Again, I’ll quote from the book:
This is about prisoner 218D: “She tries to remember colours, sunlight, the breezes that tease the crops of open fields. She tries to catch new rain on her tongue. She tries to remember the song of the koel. She tries to forget what she has left. This effort to remember and to forget comes, like the waves she cannot hear but can feel, they are there under her chains. If she could look outside just once.”
This is Haider Ali, Nomi’s father: “The sun that rose the next morning, my first and only morning as a free man on this rock, it was the most beautiful thing I have ever seen. If only I could describe for you the colours and flavours of apricots and loquats. That is how the sun looked. Delicious…”
I was thinking that you too know something about being uprooted and displaced. How do such transgressions across borders, such wistful longings and memories, shape ur writing?
5) Something that moved me immensely in the book, is how gently and lyrically you write about people who are endlessly violated and traumatized.
You write about Aye’s grandfather:
“His voice was a deep rumble and Aye loved it, the cadences of warmth and wisdom that flew as untidily as his beard and without cease.”
This is Nomi’s father once again, Haider Ali, who is a convict:
“He wants his children to have a heart expansive enough to hold the sky. He wants birds of every vibrant colour to fly within the limitless confines of their heart. He wants each bird to carry in its beak a precious gift. In one, love. In another, laughter. In a third, hope. In a fourth, a bracelet for using their hands well. In a fifth, the bond between siblings.”
You describe Aye’s feet, beautiful and arched, and his hands which “could unmap the grooves of time.”
Then there is Nomi, “the keeper of seas that flowed into each other and into her bowl.”
How did you flesh out these characters in such metaphorical ways?

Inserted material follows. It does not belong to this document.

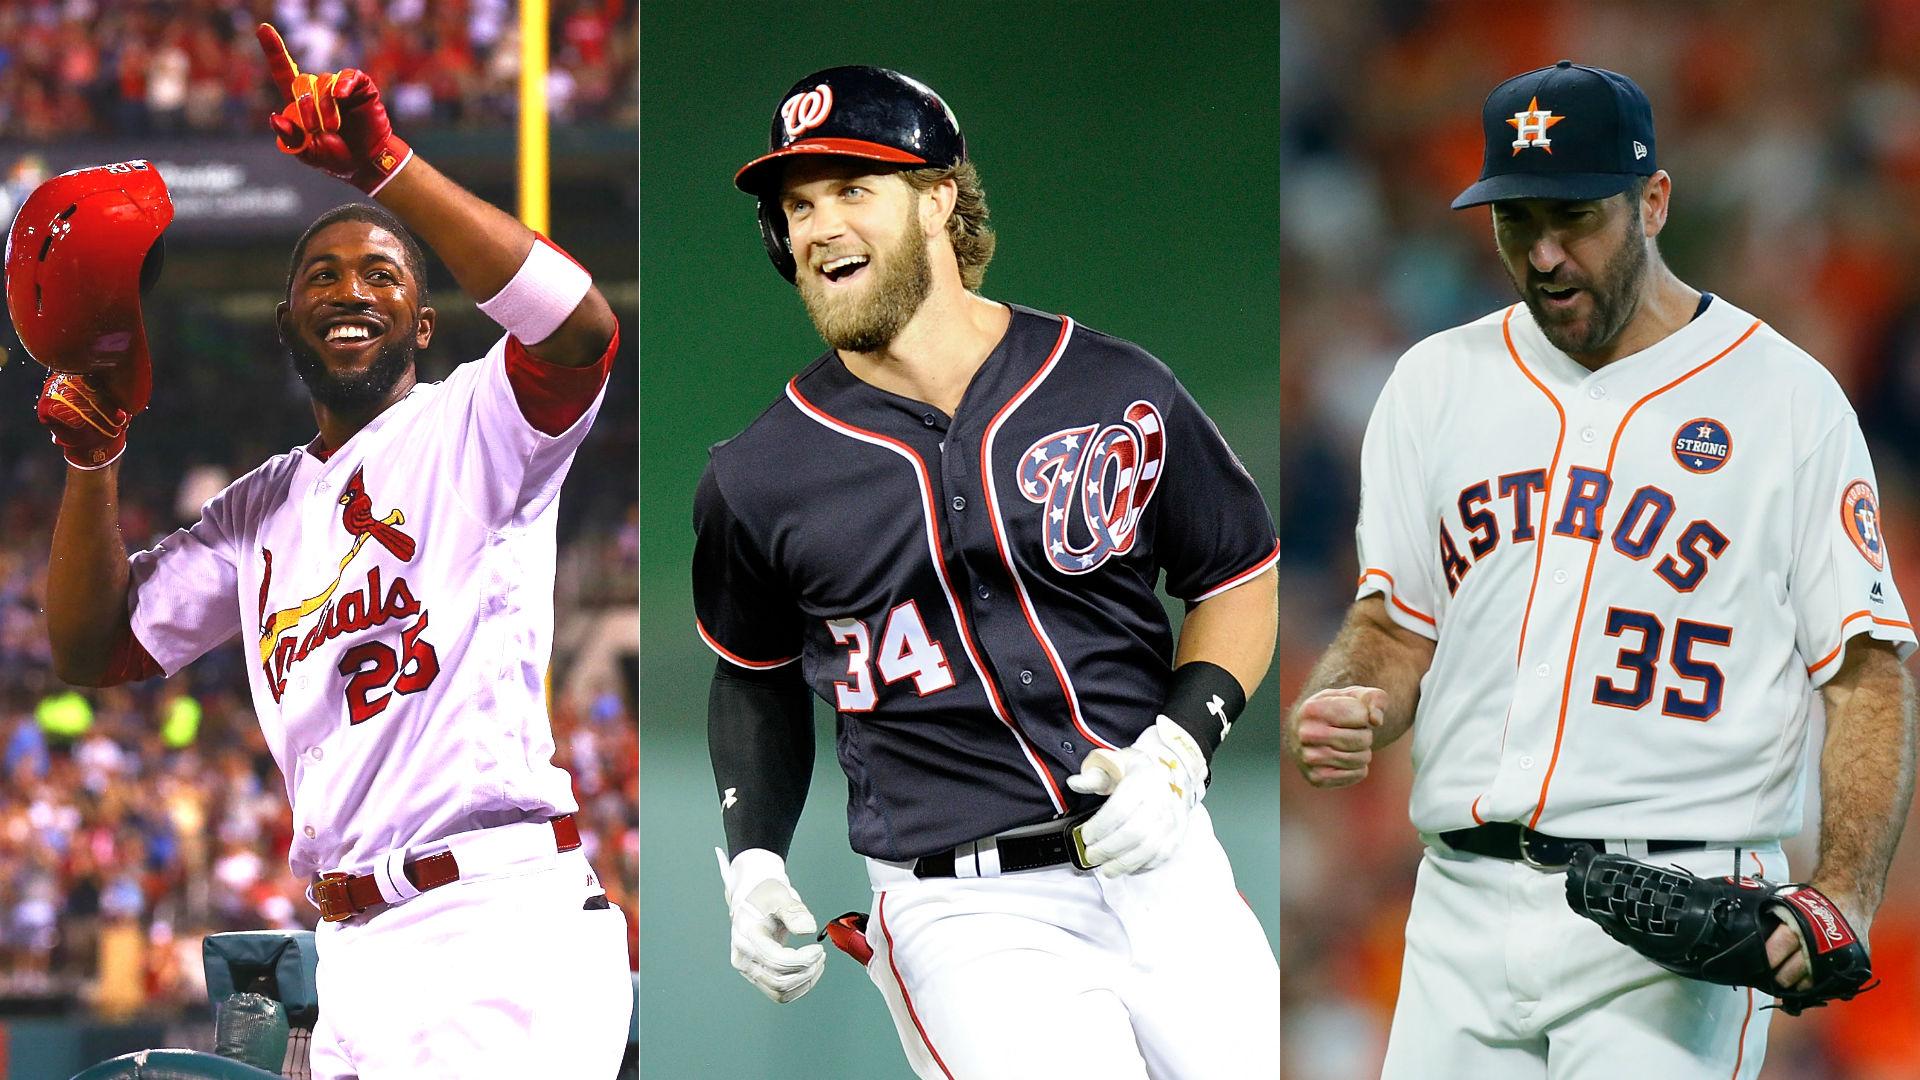 30 most intimidating baseball players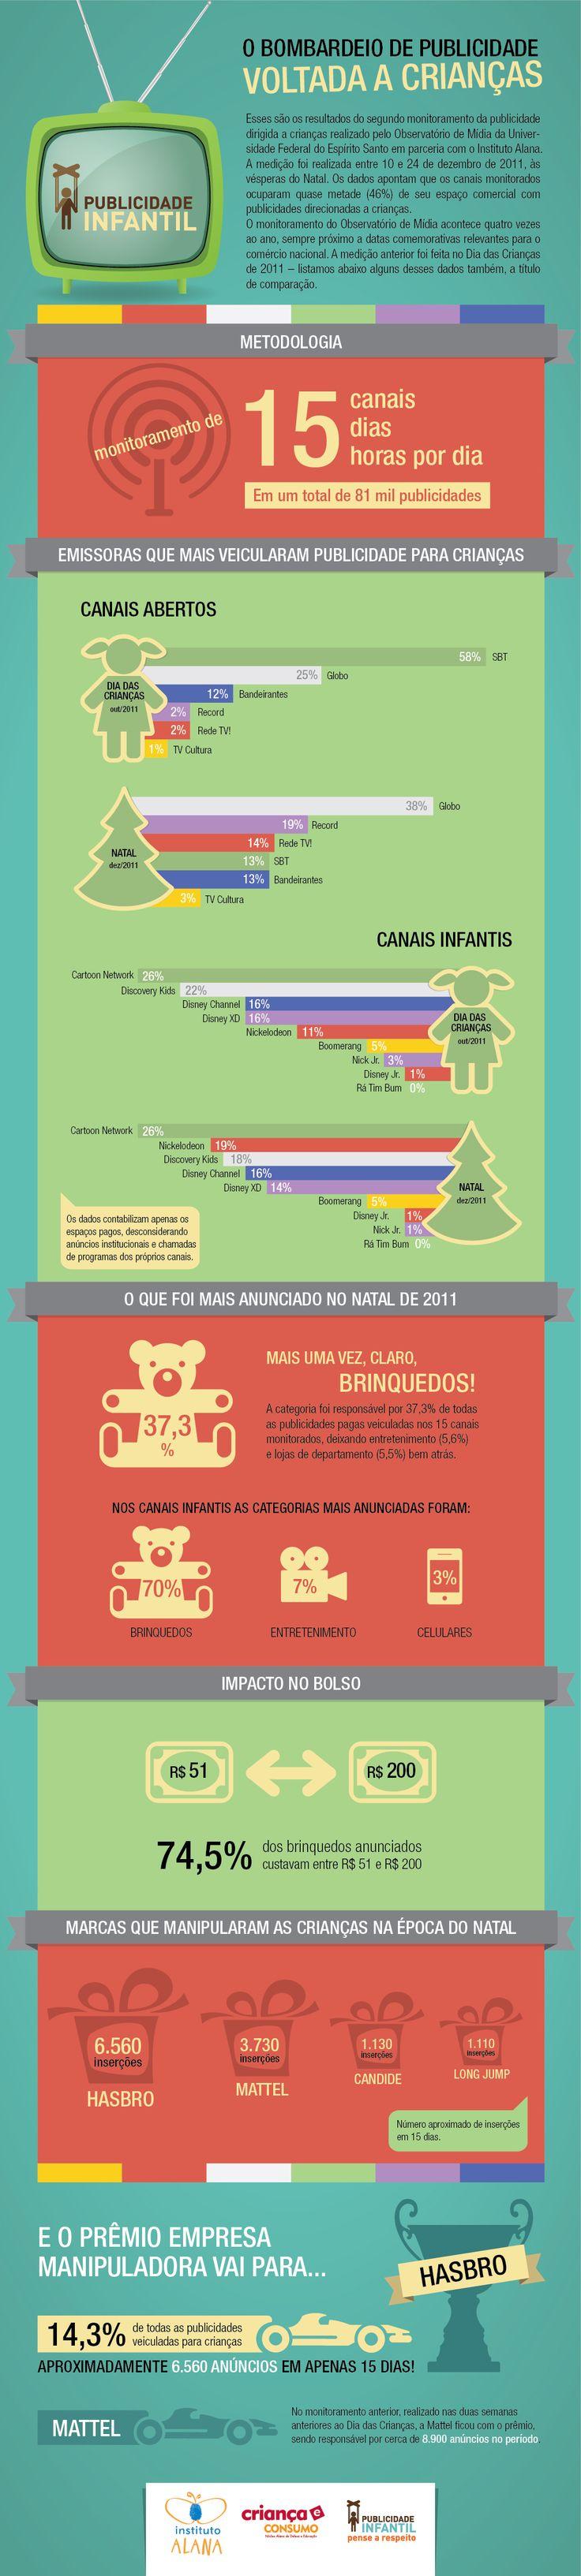 Publicidade Infantil no Brasil. O excesso de propaganda direcionada para incentivar o consumismo nas crianças.

6) This question is a bit hard for me to articulate, but I felt like the lives – the very survival of the prisoners, their families, and the indigenous people of the islands, was a zero sum game. That one life had to be extinguished in order for another to pull through. I won’t give examples because I don’t want to give too much away, but it felt like some of the most marginalized and imposed upon people in the world are offered fewer life-slots to hold on to. Not all can be accommodated. Yet this scarcity of life, this inescapable demand for sacrifice, also ties them together in astonishing ways.
Was this part of the complex, multi-layered storyline you constructed?
7) In the acknowledgments, at the end of the book, you write:
“To my father, who taught me to look at power, and never forget. This book is for him.”
It’s such an intriguing tribute. Could you tell us more about your father?
8) I learned a great deal about resistance to colonial rule in this incredible book. For example, I didn’t know that the transformation of the islands into a penal colony really began after the war of independence (what the British call the Great Mutiny) in 1857, and that a large portion of the prisoners were political prisoners. I didn’t know about revolutionary poets like Ram Pradad Bismil and Asrar ul Haq. I didn’t know that prisoners on the island went on hunger strikes to protest their brutal circumstances and that those protests were supported and mirrored on the mainland, in India, where people were also fighting for freedom.
Could you tell us about how you gleaned this important history from the archives?